O autor Eckhart Tolle sugere:
Se você continuar buscando um relacionamento como forma de salvação, vai se desiludir cada vez mais. Mas, se você aceitar que o relacionamento está aqui para tornar você consciente, em lugar de feliz, então o relacionamento vai lhe oferecer a salvação […]

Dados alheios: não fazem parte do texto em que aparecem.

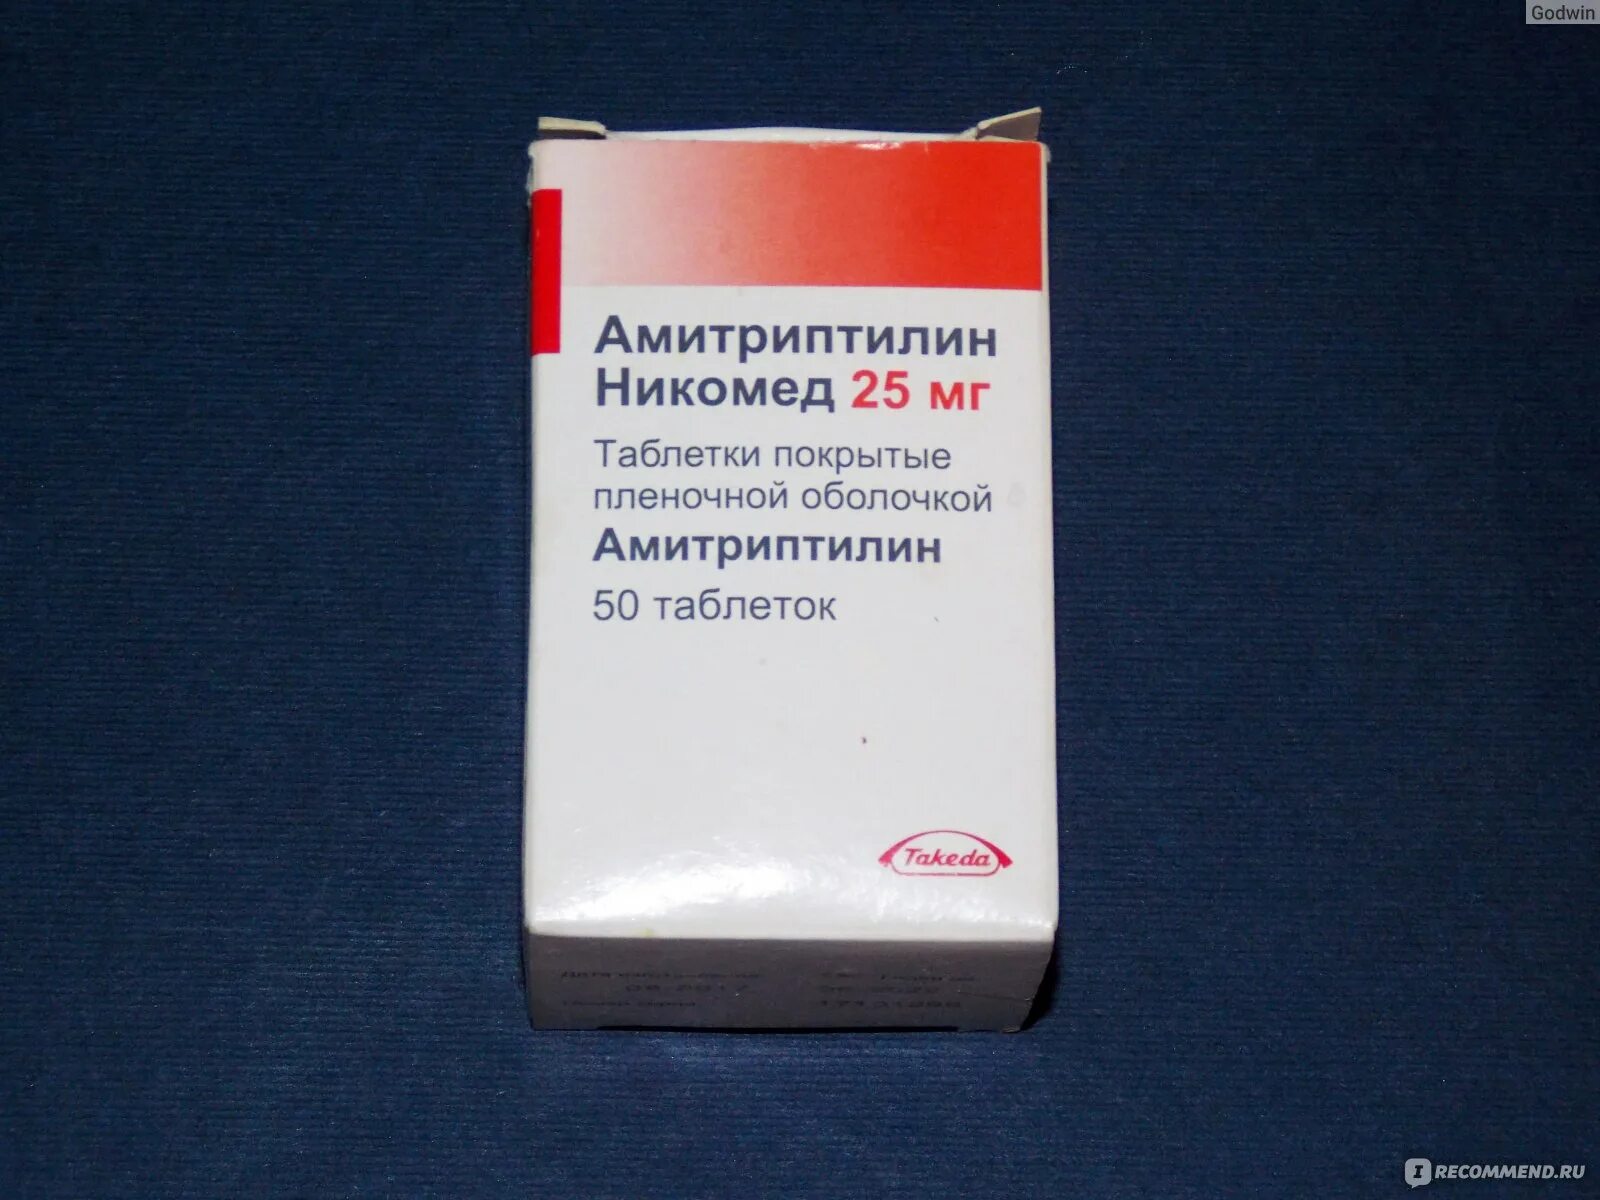 Амитриптилин никомед 25 мг инструкция отзывы. Амитриптилин Никомед. Варфарин Никомед. Фликсотид 50. Фликсотид аэрозоль.

A melhor forma de evitar frustrações e decepções é reduzir nossas expectativas. Sonhar é bom. Sonhar – e eventualmente viver – um relacionamento perfeito é algo divino. Mas é prudente manter os pés no chão. Me parece importante ao menos saber da existência desse lado sombrio do amor muito intenso. Aceitar a natureza imperfeita do outro, evitando se iludir a respeito de uma suposta perfeição, é o melhor caminho para evitar o sofrimento da desilusão amorosa. Melhor ainda é, como sugeriu Tolle, entender o relacionamento como uma abundante fonte de lições de crescimento pessoal; Entender que relacionamentos servem para nos fazer crescer como pessoas. Com um pouco de encanto, sim. Mas sem acreditar que qualquer felicidade será possível fora de nós.
Bianca
10 de maio de 2012 as 15:09
Muito interessante seu texto (o que nãoé novidade…rs).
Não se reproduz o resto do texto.